- _WORK TO BE COMPLETED_: From top to bottom, write out the listing exactly and skip every picture.

- _PROVIDED DATA_:

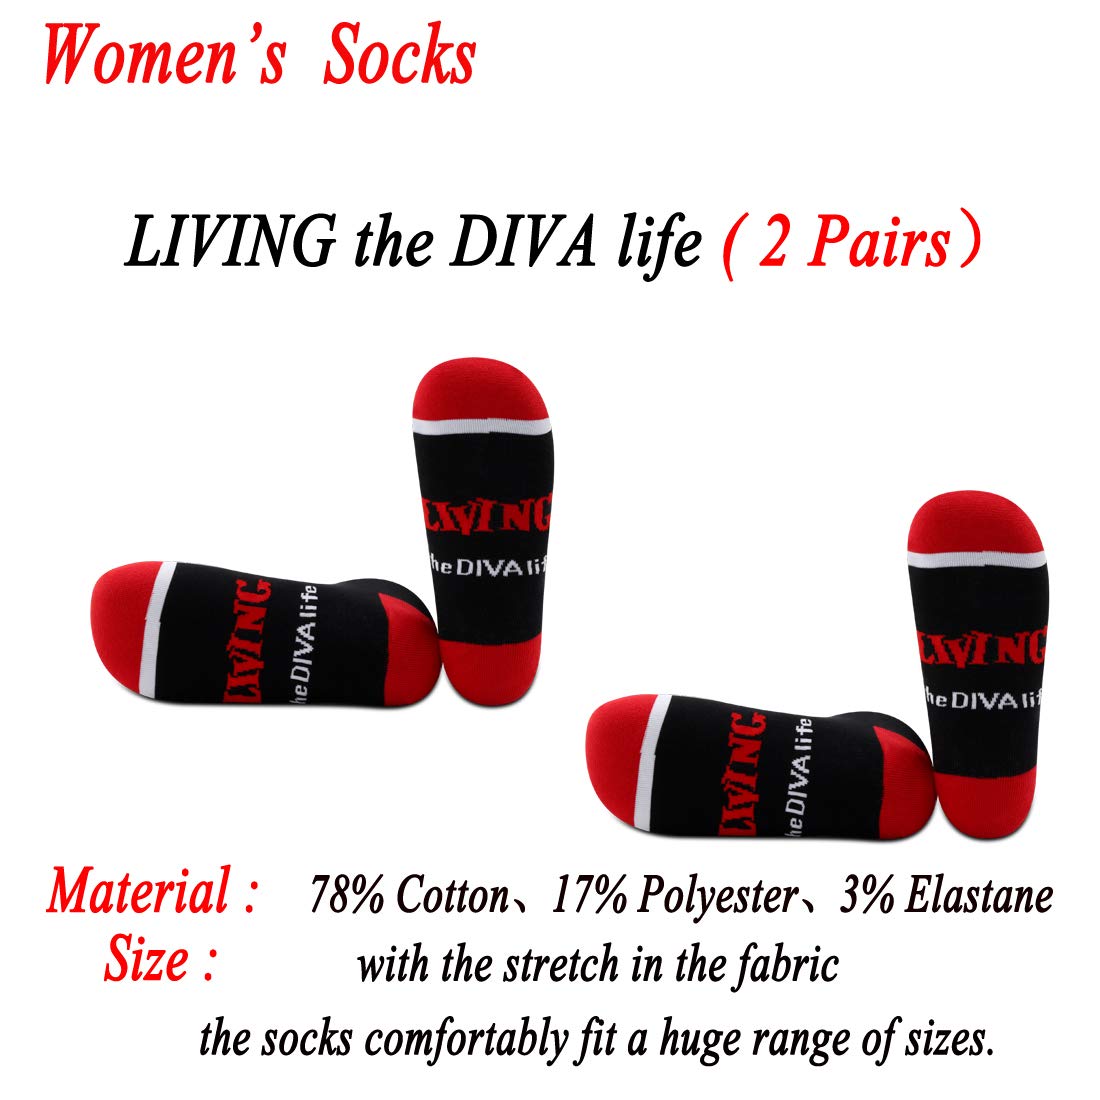 JXGZSO 2 Pairs Sorority Socks Black and Red Socks Sorority Sister Gift Living the Diva Life Socks Sorority Gift (LIVING the DIVA life)
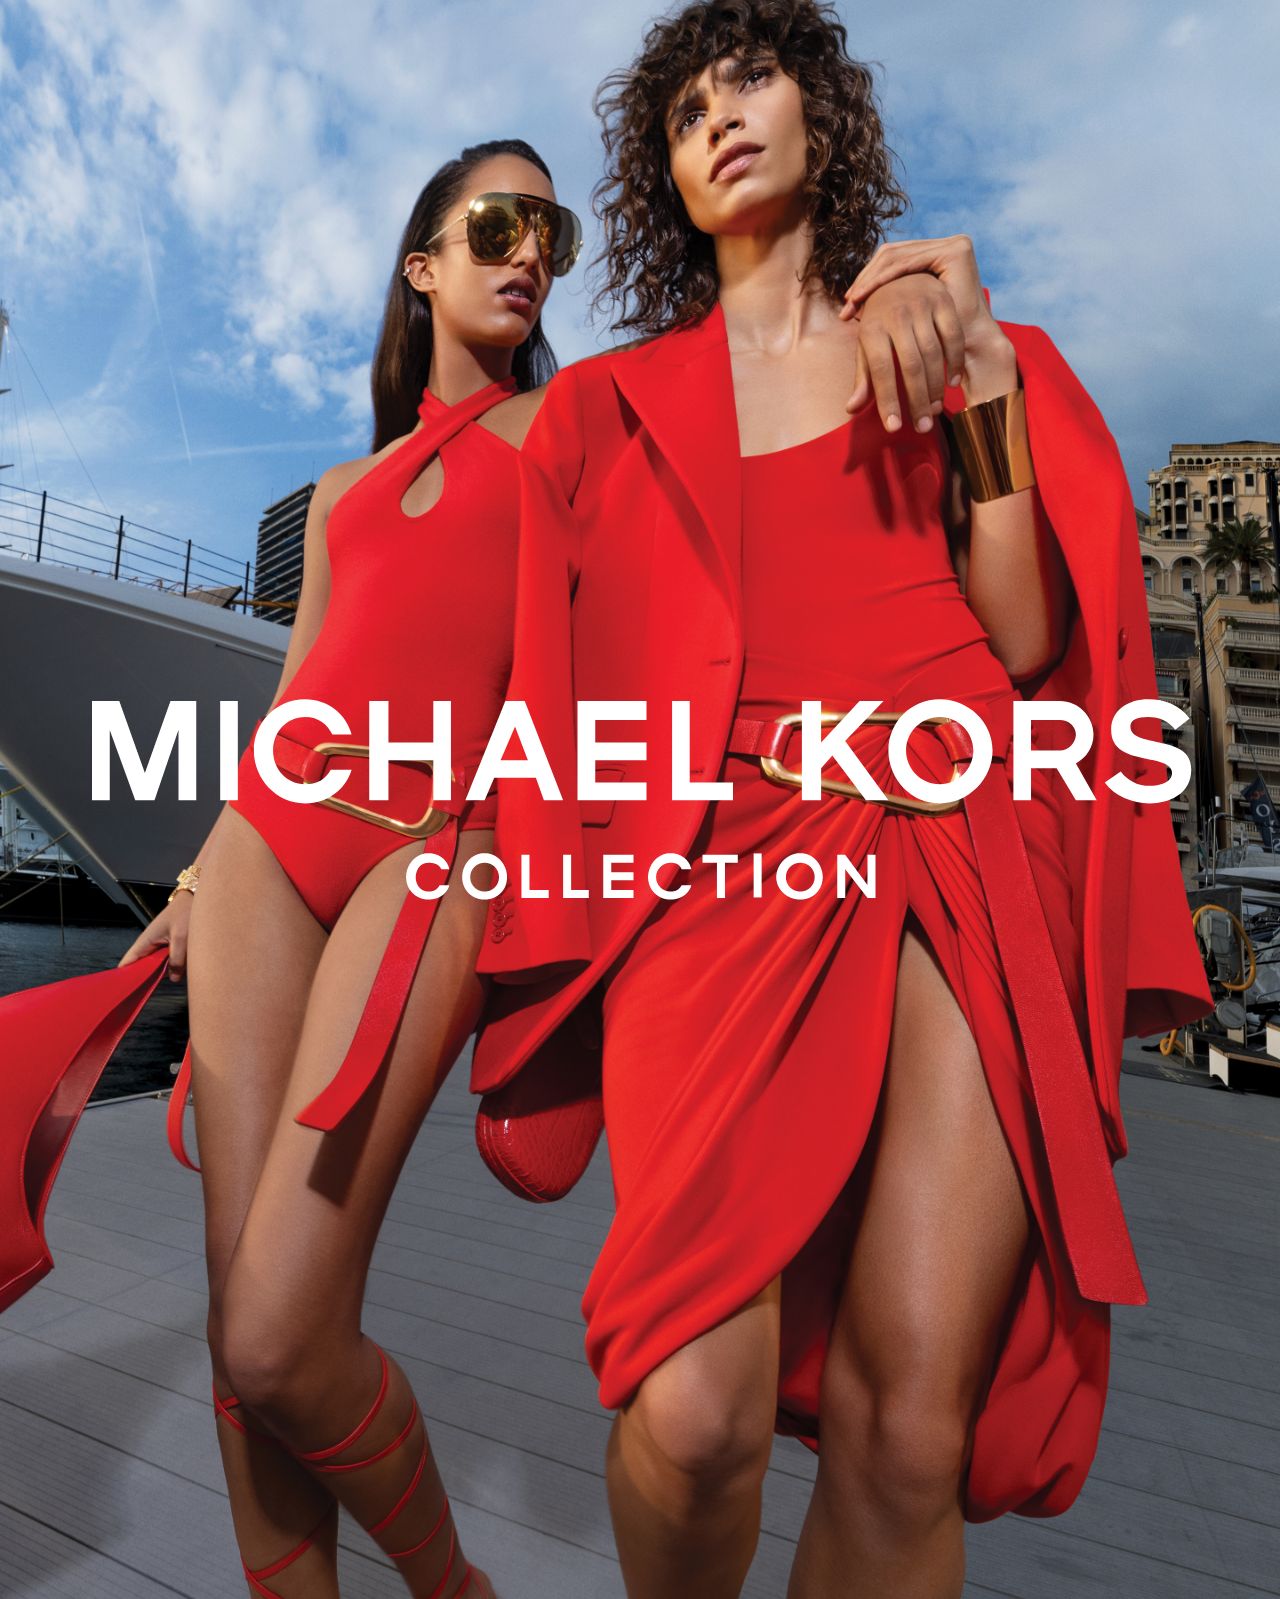 Bolsos, zapatos, ropa y más artículos de diseño | Michael Kors
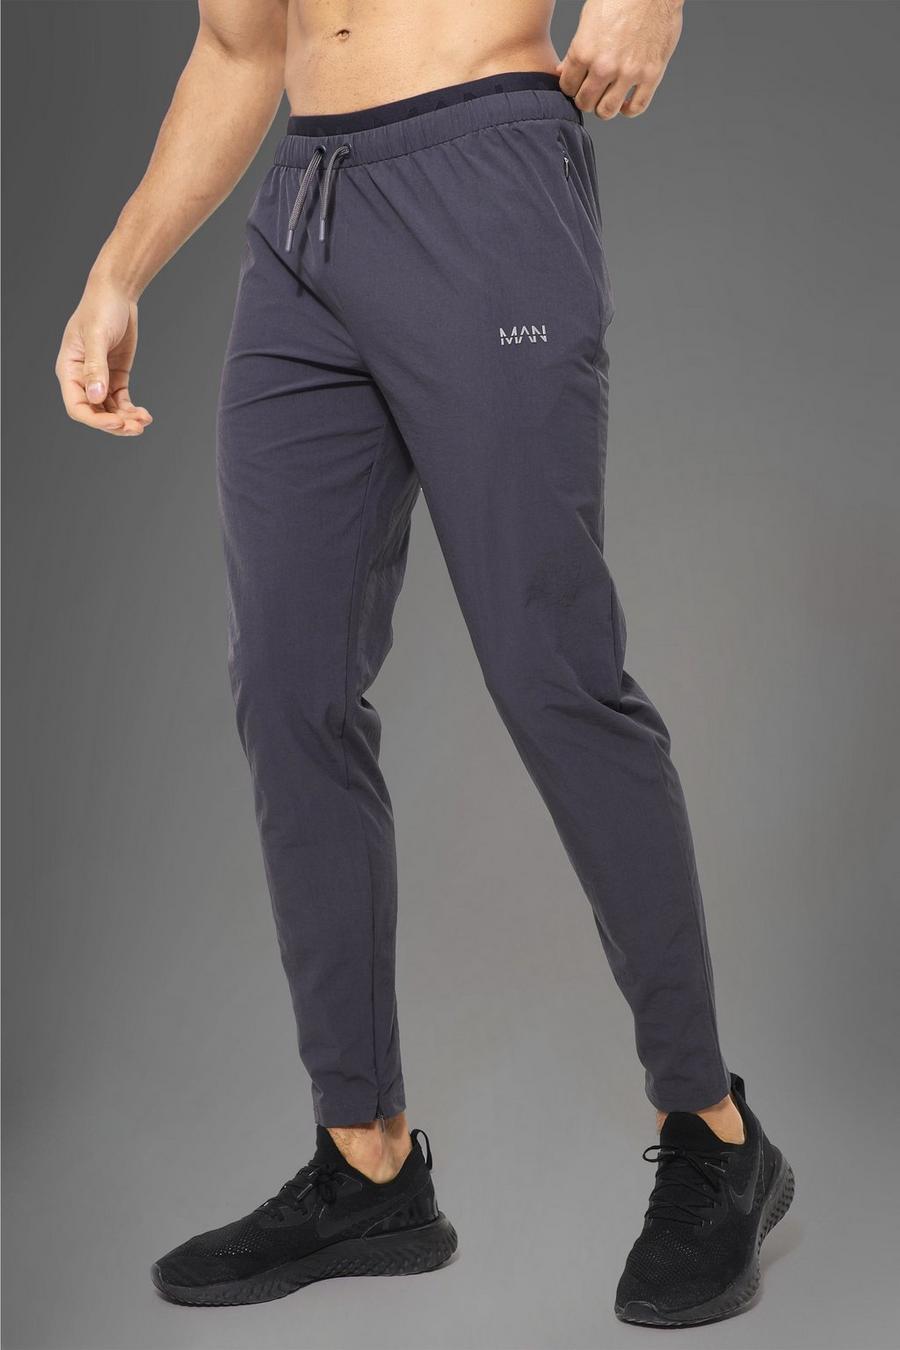 Pantaloni tuta Man Active Gym con dettagli in vita, Charcoal grey
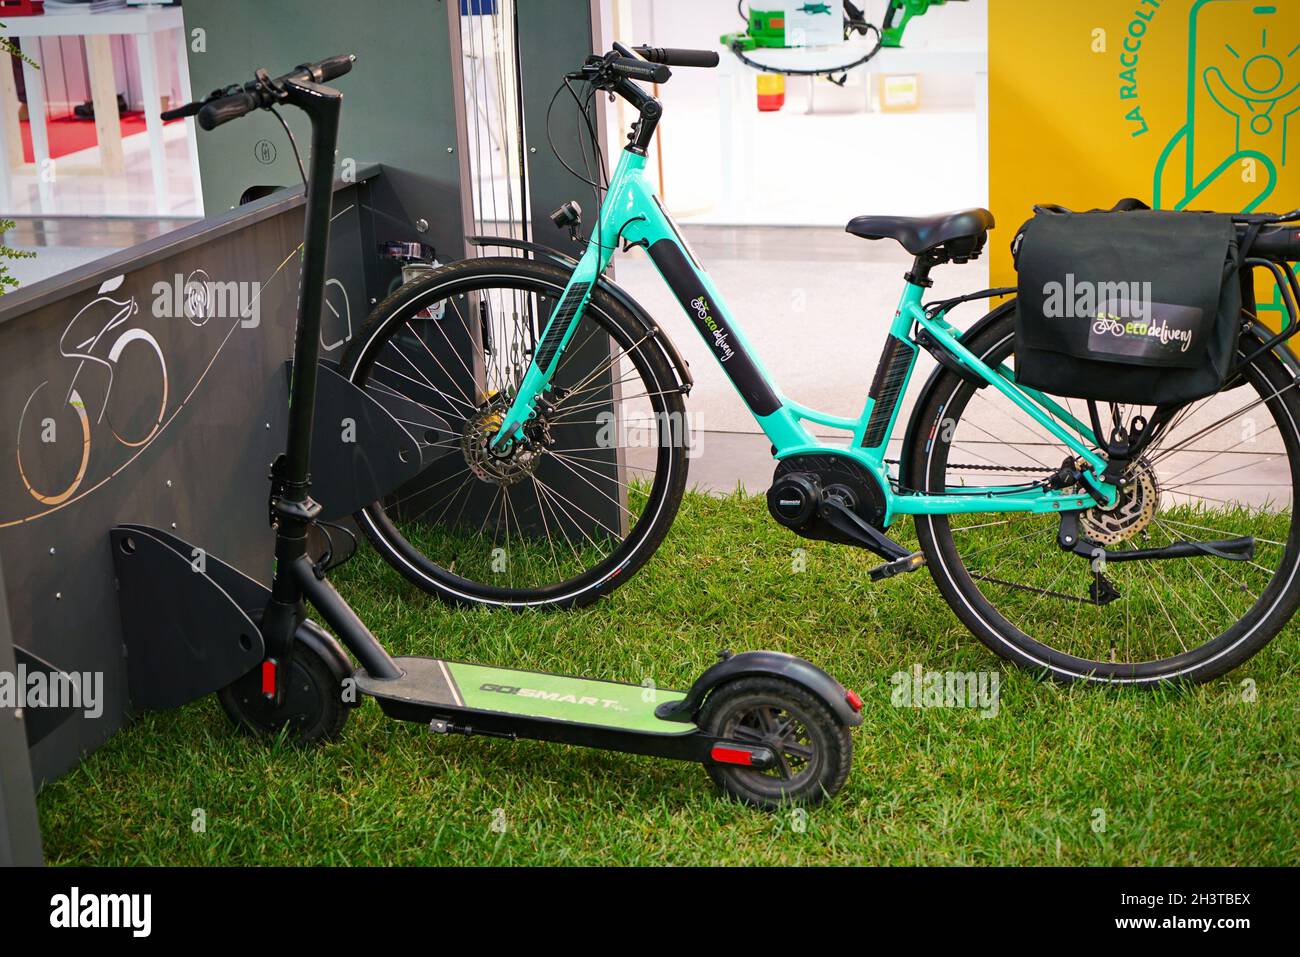 Parking pour les scooters électriques et les vélos dans les villes intelligentes.Rimini, Italie - octobre 2021 Banque D'Images

- _SOLUTION TO THIS PROBLEM_:
 JXGZSO 2 Pairs Sorority Socks Black and Red Socks Sorority Sister Gift Living the Diva Life Socks Sorority Gift (LIVING the DIVA life)
 Bolsos, zapatos, ropa y más artículos de diseño | Michael Kors
 Pantaloni tuta Man Active Gym con dettagli in vita, Charcoal grey
 Parking pour les scooters électriques et les vélos dans les villes intelligentes.Rimini, Italie - octobre 2021 Banque D'Images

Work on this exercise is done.